Research Artifact — Not Production-Ready

This model verifies arithmetic responses using structural binary features, not semantic understanding. It achieves AUROC 0.997 on the held-out test set (Exp 89 self-bootstrap reference: 1.0). Factual or freeform answers are outside its scope.

constraint-propagation-arithmetic

Learned Ising constraint model for arithmetic response verification.

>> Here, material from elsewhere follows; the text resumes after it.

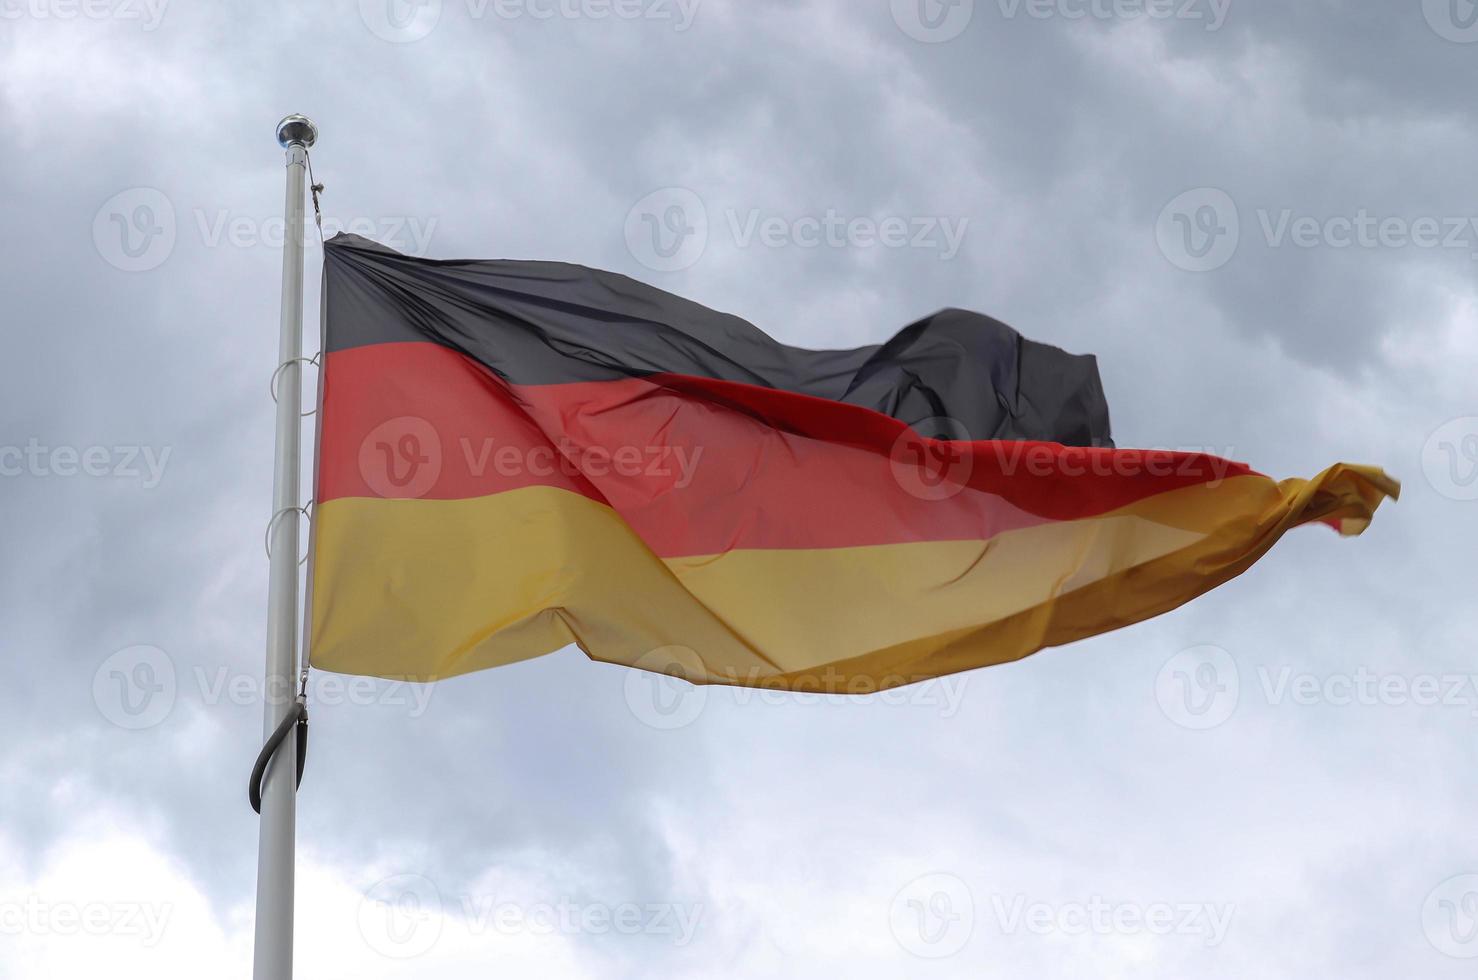 tyska flaggan vid en flaggstång som rör sig långsamt i vinden mot himlen foto

This model was trained via discriminative Contrastive Divergence (Exp 62/89) on 400 verified (question, correct answer, wrong answer) triples for arithmetic problems: addition, multiplication, and modular arithmetic. It assigns a scalar energy to any binary feature vector encoding a response. Lower energy means the response is more likely correct.

What It Is

An Ising Energy-Based Model (EBM) with quadratic energy:

E(x) = -(b^T s + s^T J s)    s = 2x - 1 ∈ {-1, +1}^200

Where:

x is a 200-dimensional binary feature vector encoding structural properties of an LLM response (presence of numbers, operators, answer patterns — see Feature Encoding below).
J is a 200×200 coupling matrix (symmetric, zero diagonal) — encodes which feature pairs co-occur in arithmetic-correct responses.
b is a 200-dim bias vector — encodes which features tend to be active in correct responses.

Lower energy = response looks structurally like a correct arithmetic answer.

How It Was Trained

Algorithm: Discriminative Contrastive Divergence (full-batch)

Hyperparameter	Value
Training pairs	400 (80% of 500 generated)
Feature dimension	200 binary features
Learning rate	0.01
L1 regularization	0.0
Weight decay	0.005
Epochs	300
Source	Exp 62 (domain CD) + Exp 89 (self-bootstrap)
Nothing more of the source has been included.